Analyzing Telephone Network Data
Allen A. McIntosh*
As our reliance on computer networks grows, it becomes increasingly important that we understand the behavior of the traffic that they carry. Because of the speeds and sizes involved, working with traffic collected from a computer network usually means working with large datasets. In this paper, I will describe our experience with traffic collected from the Common Channel Signaling (CCS) Network. I will briefly describe the data and how they are collected and discuss similarities with and differences from other large datasets. Next, I will describe our analysis tools and outline the reasons that they have been found useful. Finally, I will discuss the challenges facing us as we strive for a better understanding of more data from faster networks. While my emphasis in this paper is on the CCS Network, it has been my experience that both the problems and the solutions generalize to data from other networks.
As our reliance on computer networks grows, it becomes increasingly important that we understand the behavior of all aspects of the traffic that they carry. One such network, used by millions of people every day, is the Common Channel Signaling (CCS) Network. The CCS Network is a packet-switched network that carries signaling information for the telephone network. It carries messages for a number of applications, including messages to start and stop calls, to determine the routing of toll free (area code 800) calls and to verify telephone credit card usage. Network failures, while rare, can affect hundreds of thousands of telephone subscribers. As a result, telephone companies are very interested in the health of their portion of the CCS Network. At Bellcore, we help network providers keep their part of the CCS Network running smoothly by testing vendor equipment and by monitoring live networks. To test equipment, we build small test networks and subject them to extreme stress and catastrophic failure, such as might be caused by a fire at a switch or a backhoe cutting a cable during a mass call-in. We usually collect all the
traffic on the test network, though selective collection may be used if a test involves subjecting the network to a heavy load. To monitor live networks, we collect all the traffic from a small subnetwork. Collecting all the data from a network provider's live network would require monitoring several thousand communication links, and is beyond the capacity of our monitoring equipment.
In North America, a protocol called Signaling System Number 7 (SS7, ANSI (1987)) governs the format of data carried by the CCS Network. 1 The major components of the CCS network are telephone switches (SSP's), database servers (SCP's), and SS7 packet switches (STP's). STP's are responsible for routing traffic, while SSP's and SCP's can only send and receive. STP's are deployed in pairs for redundancy. Each SSP and SCP is connected to at least one pair of STP's. The (digital) communications links between nodes run at a maximum speed of 56000 bits per second. When extra communications capacity is required, parallel links are used. 56000 bits per second is relatively slow, but there are many links in a CCS network, and many seconds in a day. Anyone trying to collect and analyze SS7 data from a CCS network soon must deal with large datasets.

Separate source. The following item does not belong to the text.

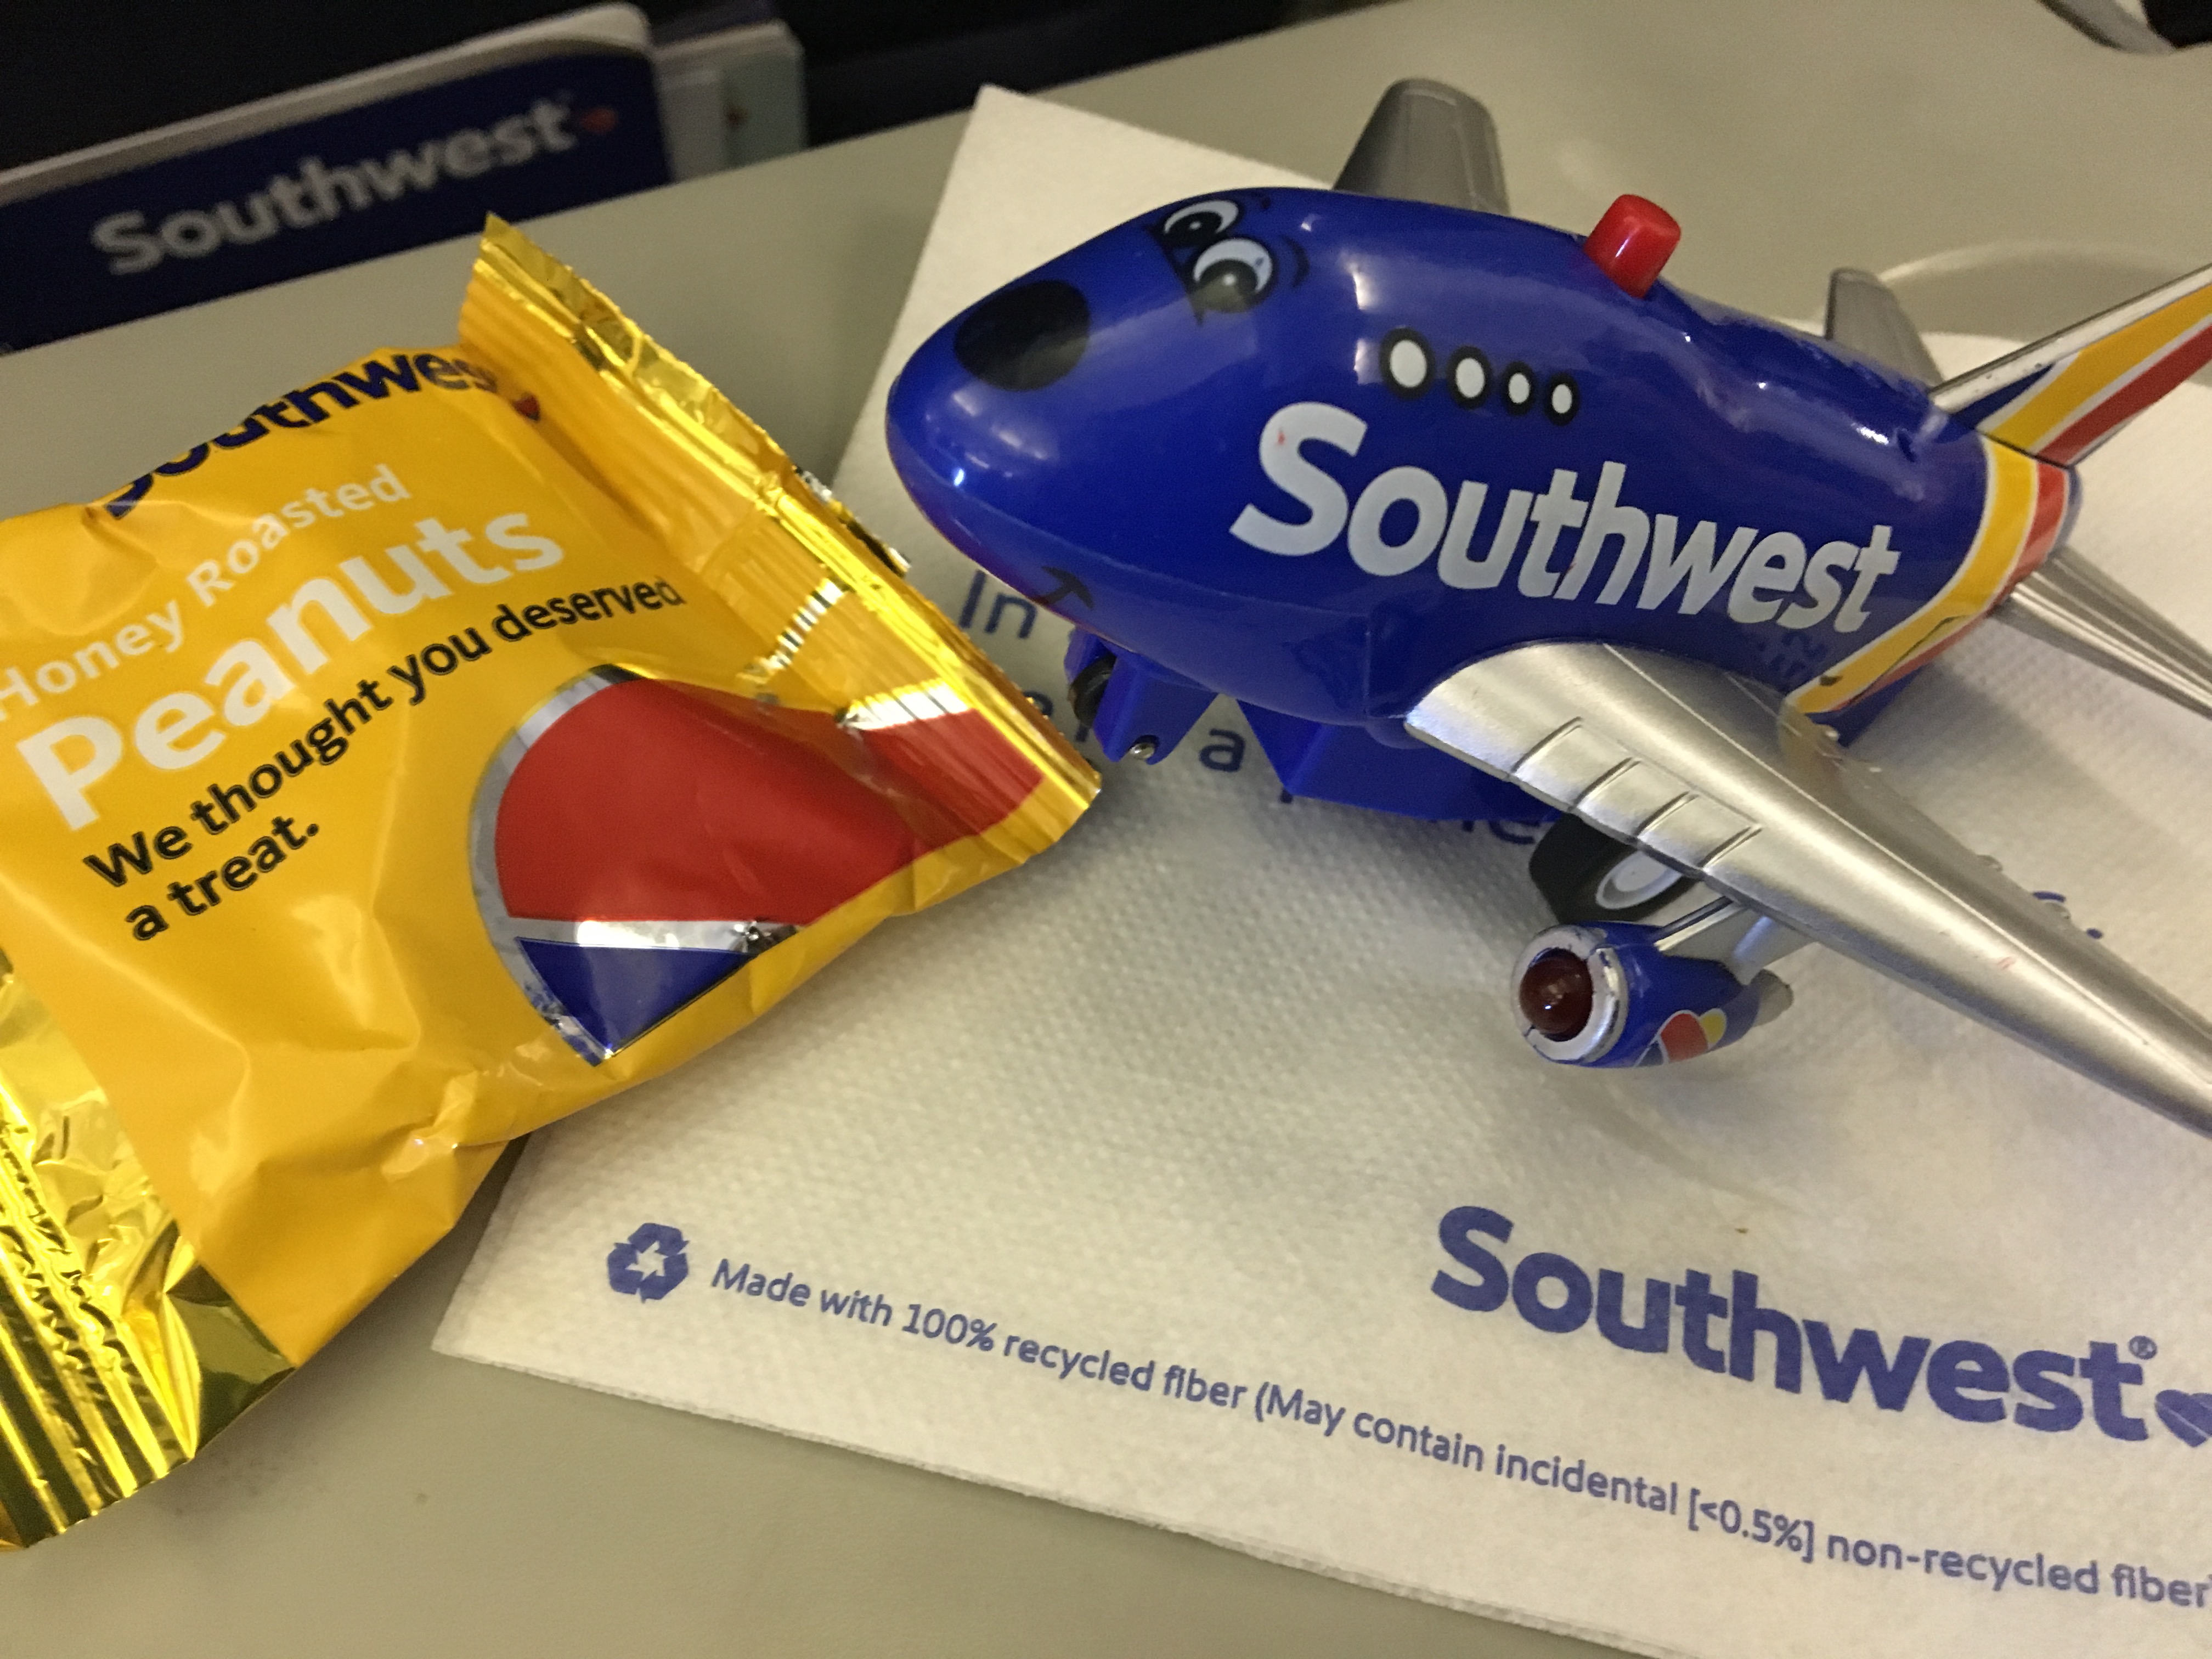 Southwest Airlines Toy Plane and Peanuts

To date, our main data-collection tool for both live and test networks has been a Network Services Test System (NSTS). The NSTS is about the size of a household washing machine. Each NSTS can monitor 16 bi-directional communication links, and store a maximum of 128 megabytes of data. This represents two to four million SS7 messages, which can be anywhere from one hour of SS7 traffic to and from a large access tandem to approximately four days of traffic to and from a small end office. We usually collect data by placing one NSTS at each STP of a pair. Thus, our datasets from Live networks are usually 256 megabytes in size. Datasets from test networks tend to be smaller, depending on the length of the test. Along with every message that it saves, the NSTS saves a header containing a millisecond timestamp, the number of the link that carried the message, and some other status information. The timestamps are synchronized with a central time source, and so are comparable between monitoring sites.
Our SS7 datasets have many of the "standard" features of the large datasets discussed in this volume. Inhomogeneity and non-stationarity in time are the rule. For example, Figure 1 shows the call arrival process on a communication link to a small switch from 22:45 Wednesday to 14:15 Sunday. There are 31,500 points in this plot, joined by line segments. Each point represents the number of calls received during a ten second interval, expressed in units of calls per second. Evidently there is a time-of-day effect, and the effect is different on the weekend. This dataset is
discussed in more detail in Duffy et al. (1993). They show that the call arrival process in Figure 1 is well described by a time-inhomogeneous Poisson process. The overall packet arrival process shows signs of long range dependence, and is not well modeled by a time-inhomogeneous Poisson process. Plots such as this also suggest that it is virtually impossible to find a stationary busy hour, the typical engineering period in traditional telephone networks.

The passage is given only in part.